To keep her attorney on the case, she had signed a mortgage agreement with him that calls for her to pay 18 percent interest per year. She says her bank won't loan her the money to pay off her legal bill because she already has another mortgage on the house.
"My friends and family say this can't be happening. There's got to be a mistake," Fotsch told the CBC.
"I won, but I lost. I defended myself and now I'm losing my place.
"I've worked two jobs, and I have for the last 25 years. When I was hit with this, it was just like a bomb went off in my life."

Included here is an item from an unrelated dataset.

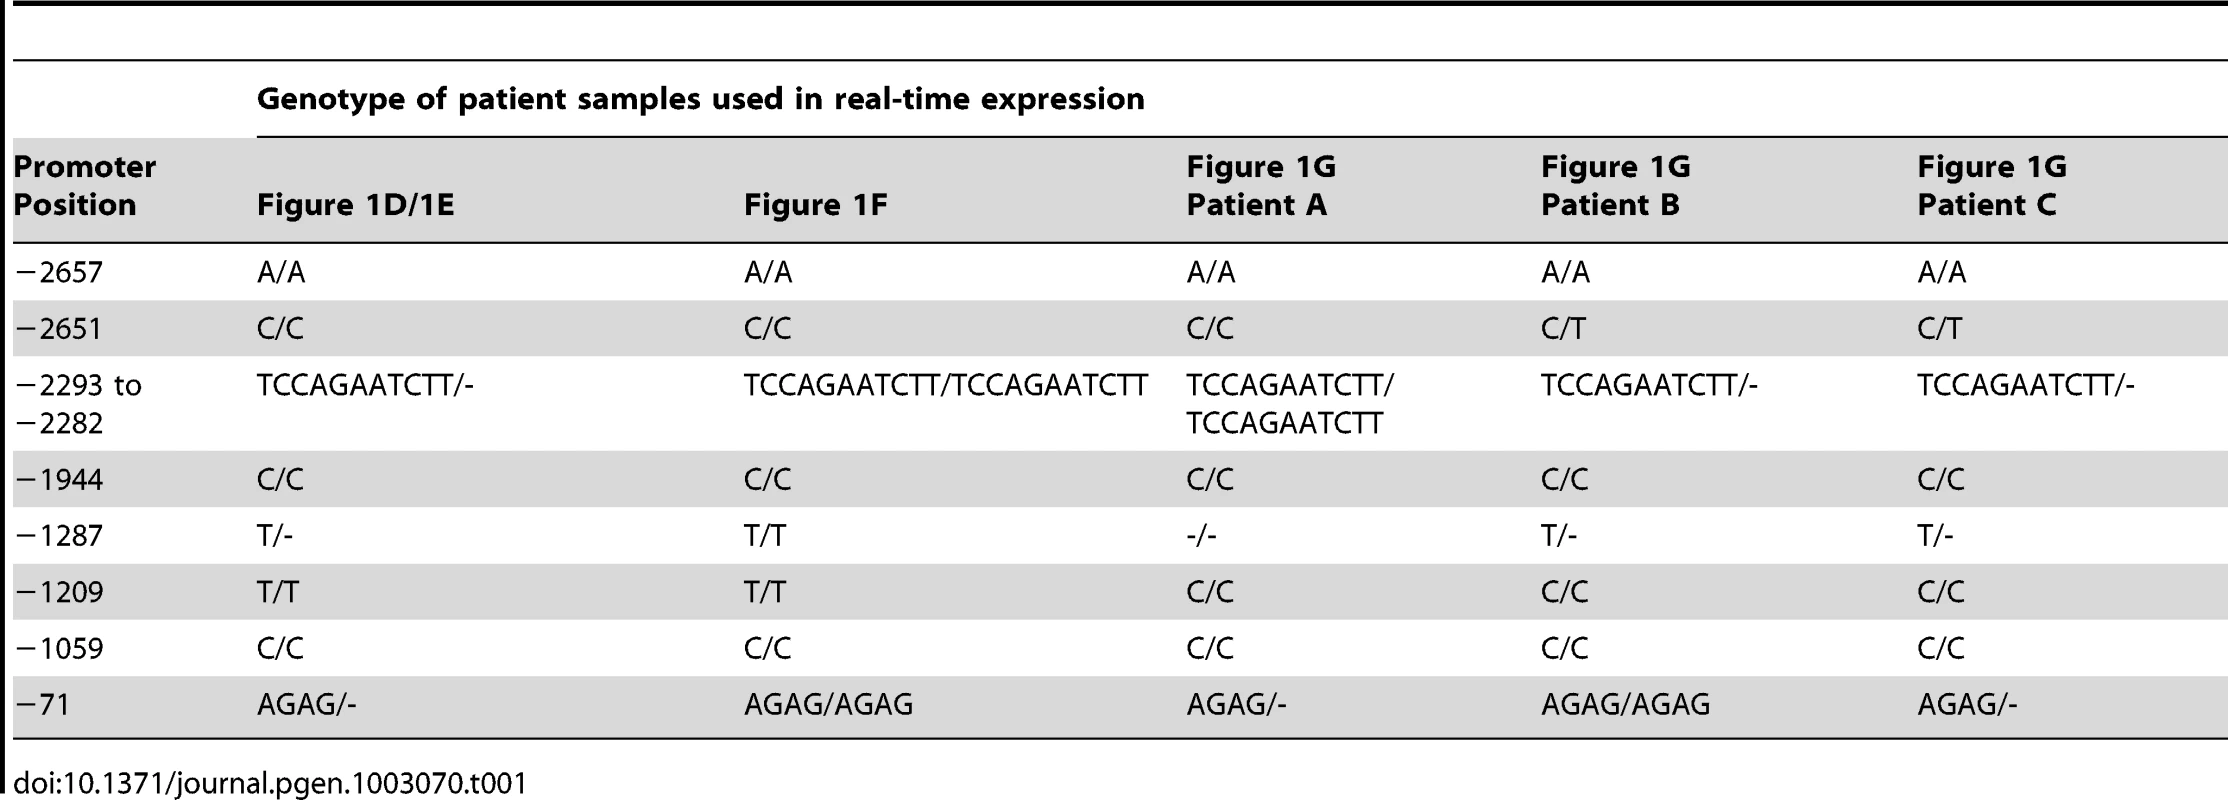 Genotypes of BEEC patient samples used in real-time expression experiments.
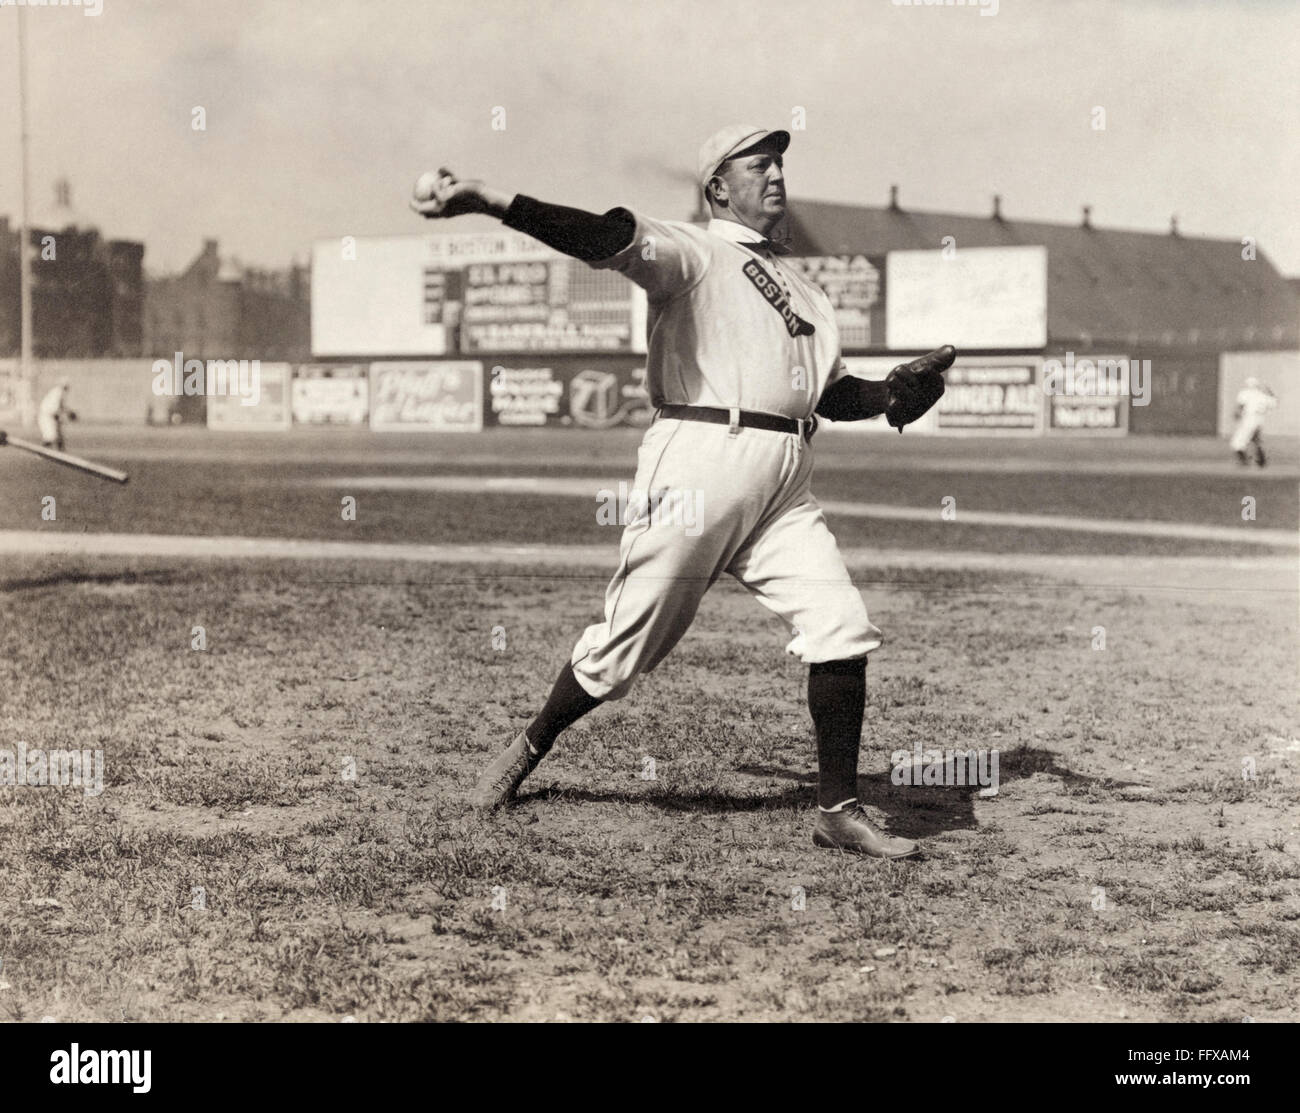 CY YOUNG (1867-1955). /nDenton True 'Cy' Young. American baseball pitcher. Photographed while playing with the Boston Red Sox, 1908. Stock Photo

Vancouver divorce lawyer Jonas Dubas, who charges $300 an hour, told the CBC the agreement Fotsch signed is legal, the interest rate is lower than other lawyers charge and he deserves to get paid.
He has hired his own lawyer to move ahead with foreclosure on Fotsch's home.
The CBC said the Law Society of British Columbia, which governs lawyers in the province, declined to comment specifically on Fotch's case but said in general Dubas was within the rules.